You can notice that santa_role_func accepts one parameter c (our transport structure), but two others accept two parameters. It’s because Santa’s role function is running in a loop and others are running just one time. Second parameter in elves and reindeer functions is an index of a thread in which they’re running (for debug and visualization purposes).

The last (except of compilation) step to implement is to make all this stuff work together:

let c = new_santa_counters () in
let santa_loop () =
  puts "Starting Santa loop";
  while true do
    santa_role_func c;
  done
in
let santa_array = [| Thread.create santa_loop () |]
and
reindeer_array = Array.init 9 
(fun i -> Thread.create reindeer_role_func (c, i))
and
elf_array = Array.init 20 
(fun i -> Thread.create elves_role_func (c, i))
in
Array.iter Thread.join 
(Array.concat [santa_array; reindeer_array; elf_array]);;


Code above creates three arrays of threads: santa_array (which always contains just one element), reindeer_array (always contains 9 reindeer threads) and elf_array (which contains 20 (fairly chosen) elves threads). After each thread is started, main program joins all of them using humble functional magic with Array.Iter.

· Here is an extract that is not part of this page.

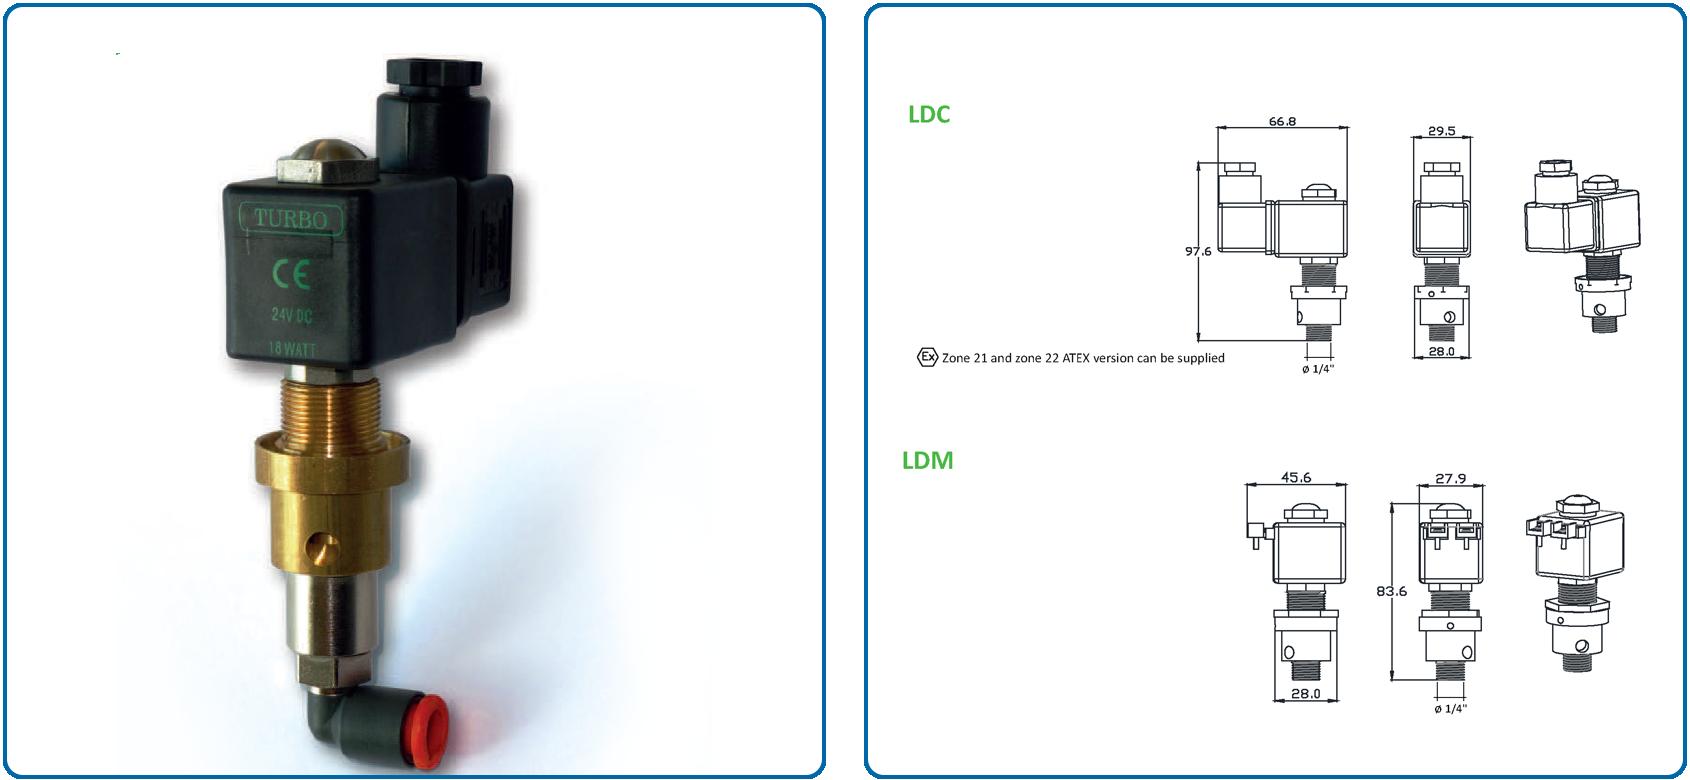 LDM-&-LDC-REMOTE-PILOTS

What had happened on the North Pole

I’ve copied typical stdout from a santa_problem solution below (and the ocaml version for the clarification).

> ocaml -version

The OCaml toplevel, version 4.01.0

> ./build.sh
> ./santa_problem
Starting santa loop
Starting reindeer (4)
Starting reindeer (5)
Starting reindeer (6)
Starting reindeer (3)
Starting reindeer (7)
Starting reindeer (8)
Starting elf [0]
Starting reindeer (2)
Starting elf [1]
Starting elf [2]
Starting elf [3]
Starting elf [4]
Starting reindeer (1)
Starting elf [5]
Starting elf [6]
Starting elf [7]
Starting elf [8]
Starting elf [9]
Starting elf [10]
Starting elf [11]
Starting elf [12]
Starting reindeer (0)
Starting elf [13]
Starting elf [14]
Starting elf [15]
Starting elf [19]
Prepare sleigh
Starting elf [16]
Starting elf [18]
Get Hitched
Get Hitched
Get Hitched
Get Hitched
Get Hitched
Get Hitched
Get Hitched
Get Hitched
Get Hitched
Starting elf [17]
Help Elves
Get Help
Get Help
Get Help
Help Elves
Get Help
Get Help
Get Help
Help Elves
Get Help
Get Help
Get Help
Help Elves
Get Help
Get Help
Get Help
Help Elves
Get Help
Get Help
Get Help
Help Elves
Get Help
Get Help
Get Help
……

Merry Xmas

Santa’s problem is one of the classical synchronization problems and is worth looking into. A lot of solutions exist nowadays. For example, there is an interesting approach to solve it in Haskell using Software Transactional Memory (STM). Despite the fact Ocaml does not provide us with as cool features as STM, we can see that building parallel programs in Ocaml is easy fun! As far as I can see, the solution above is kind of first pure Ocaml solution of Santa’s problem.
You can download all code from the Santa's gist.